Optimize creating DataFrame/struct column from a list of tuples
wenleix opened this issue · comments
Wenlei Xie commented
Motivation example (the actual dataset has two struct columns, with 13 and 26 fields respectively) :
dtype = dt.Struct(
[
dt.Field("labels", dt.int8),
dt.Field("dense_features", dt.Struct([dt.Field("int_1", dt.int32), dt.Field("int_2", dt.int32)])),
]
)
df = ta.DataFrame(
[
(1, (0, 1)),
(0, (10, 11)),
# ~100 rows
],
dtype=dtype)
The current implementation will first create an empty DataFrame, and then append each tuple:
https://github.com/facebookresearch/torcharrow/blob/f4fcfde9dde488276d11b04aa2a57df2835fee0b/torcharrow/scope.py#L292-L296
There are two inefficiencies with it:
- For each tuple, it will first converted into a dict (https://github.com/facebookresearch/torcharrow/blob/f4fcfde9dde488276d11b04aa2a57df2835fee0b/torcharrow/velox_rt/dataframe_cpu.py#L228-L232)

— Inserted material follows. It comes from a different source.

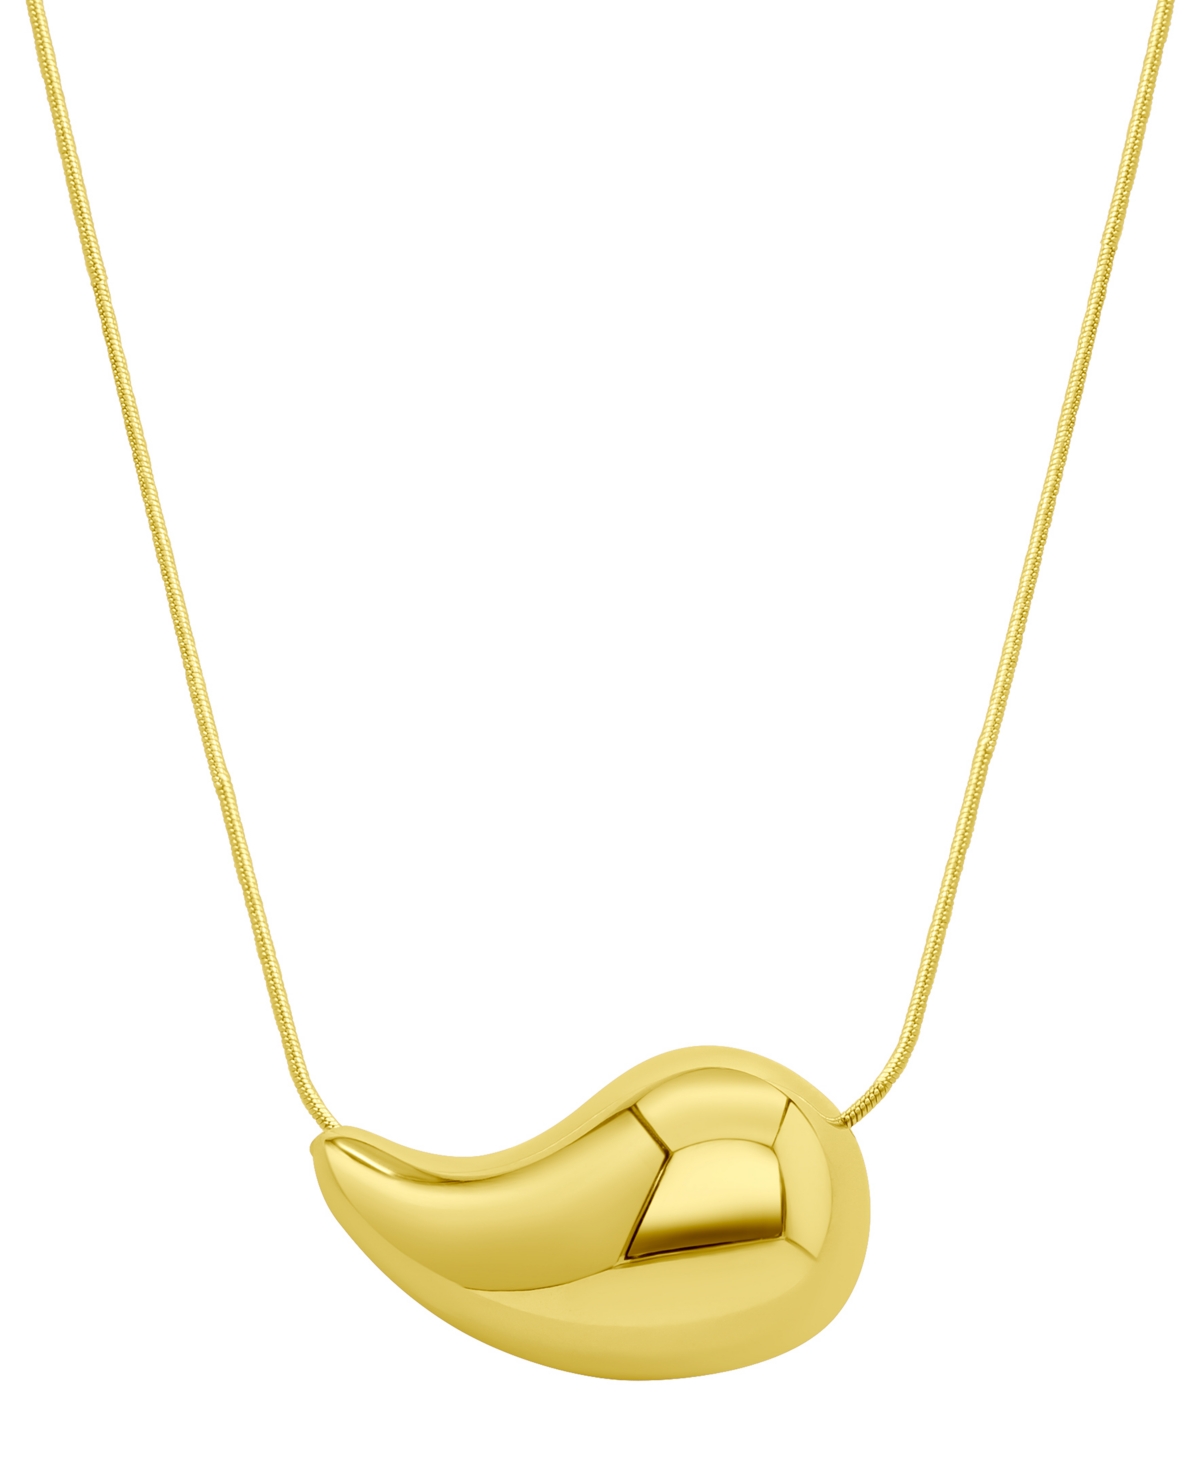 Tarnish Resistant 14K Gold-Plated Teardrop Sculptural Necklace - Gold

- Velox vector is immutable, thus each time a new Vector with size
n+1
will be created, causingO(n^2)
behavior.
One idea is to first create list per each column, and then calling the Column constructor when creating DataFrame/struct column. We still need to "transpose" the data in Python, but at least avoid expensive O(n^2)
behavior.